You are viewing a plain text version of this content. The canonical link for it is here.
Posted to users@kafka.apache.org by Bartłomiej Kępa <ba...@me.com.INVALID> on 2019/09/08 12:24:04 UTC

ValueJoiner producing called with nulls

Hi All,
Since some time I’m involved in development of application that incorporates Kafka Streams API, I’m facing the problem with joining two Kafka topics. The problem is illustrated in simple test that ws prepared based on our production code. It is available here: https://bitbucket.org/b_a_r_t_k/streams-join-problem/
As seen in the class JoinStreamBuilder:

val builder = StreamsBuilder()

val reducedLookupStoreName = "reduced_$lookupTableTopicName$streamId"

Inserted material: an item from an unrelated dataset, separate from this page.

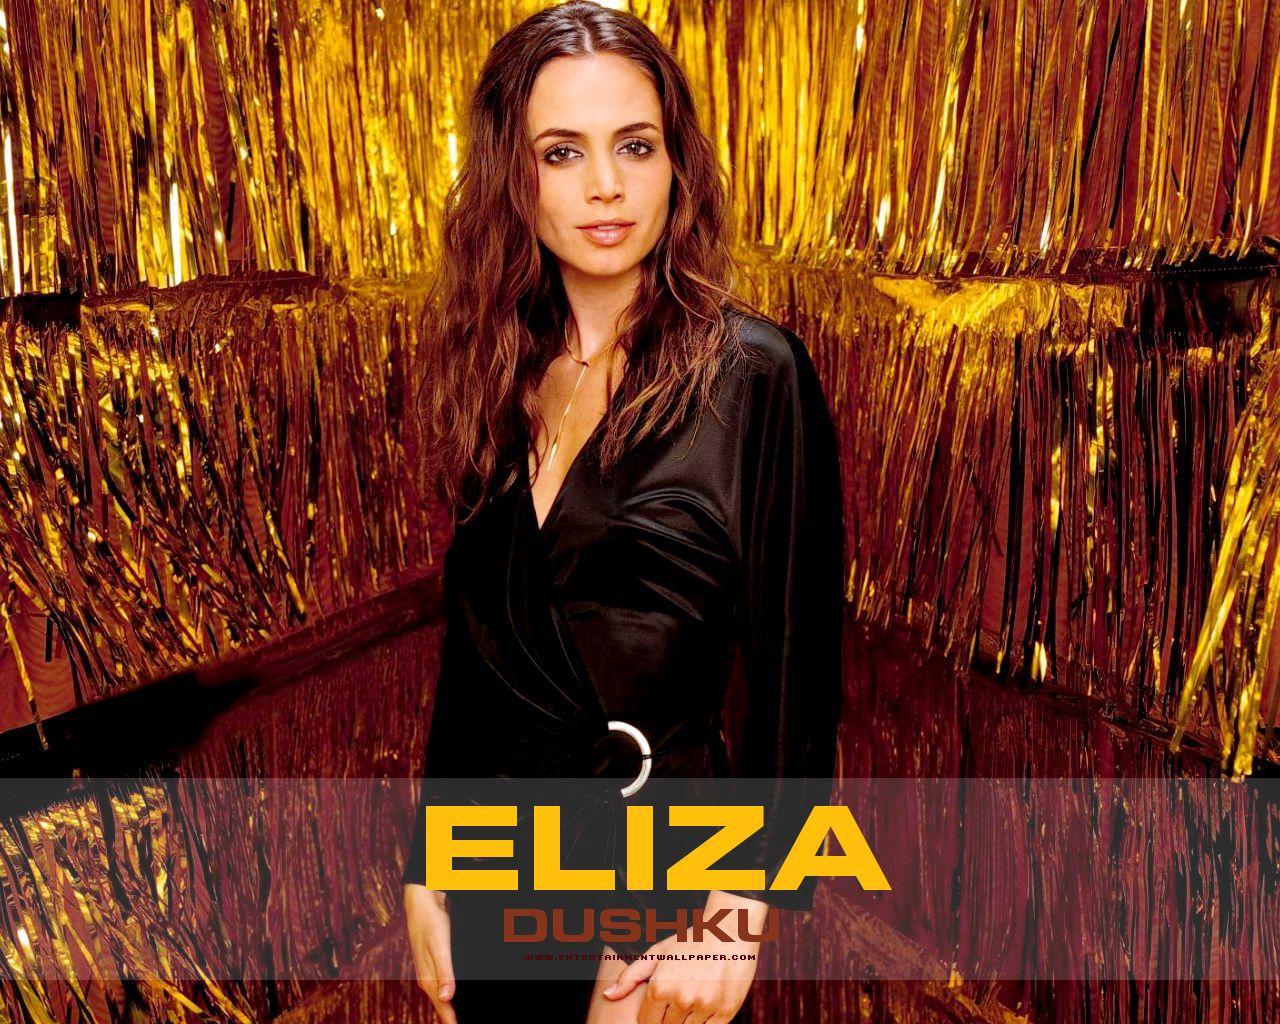 BCW/GOLD nominado Eliza-Dushku-eliza-dushku-834787_1280_1024

val streamToJoin = builder.stream(mainTopicName, Consumed.with(Serdes.String(), genericAvroSerde))
        .selectKey(MainKeySelector())

val lookupTable = builder.stream(lookupTableTopicName, Consumed.with(Serdes.String(), genericAvroSerde))
        .selectKey(LookupKeySelector())
        .groupByKey(Serialized.with(Serdes.String(), genericAvroSerde))
        .reduce({ _, new -> new },
                Materialized.`as`<String, GenericRecord, KeyValueStore<Bytes, ByteArray>>(reducedLookupStoreName).withKeySerde(Serdes.String()).withValueSerde(genericAvroSerde))

streamToJoin
        .leftJoin(lookupTable, Joiner(streamId), Joined.with(Serdes.String(), genericAvroSerde, genericAvroSerde))
        .to(targetTopicName, Produced.with(Serdes.String(), genericAvroSerde))
val topology = builder.build()

It is simple kind of lookup table to stream join. The Joiner implementation looks as follows 

class Joiner(private val streamId: Int) : ValueJoiner<GenericRecord, GenericRecord, GenericRecord> {
    override fun apply(main: GenericRecord?, lookup: GenericRecord?): GenericRecord {
        if (main == null) LOG.warn("for streamId: $streamId record from main is null")
        if (lookup == null) LOG.warn("for streamId: $streamId record from lookup is null")

        return GenericData.Record(MySampleData.schema)
                .apply {
                    put(MySampleData::stringField.name, main?.get(MySampleData::stringField.name))
                    put(MySampleData::booleanField.name, main?.get(MySampleData::booleanField.name))
                    put(MySampleData::intField.name, lookup?.get(MySampleData::intField.name))
                }
    }
}

The problem is that sometimes in not deterministic way Joiner’s apply() method gets null for lookup parameter, while in some cases the parameter is not null - as expected.
The repo I referred above contains a test that is supposed to use that topology. It iterates 10 times building new instance of the topology each time and then it feeds two topics with sample data (10 records for each topic) expecting 1 to 1 join will be performed for each records pair. 
As seen in log output:
2019-09-08 13:49:09,634 [main] INFO  com.example.demo.JoinStreamTest [tenantId=]  - Number of not properly joined per iteration (iteration number -> number of errors): {0=1, 1=1, 2=1, 3=1, 4=0, 5=1, 6=1, 7=1, 8=1, 9=0}. Total errors: 8 

Some of of the iteration produce no errors, while most of them does.

Any help welcome. At this point I have no clue what may clause such behaviour.
Best regards
BK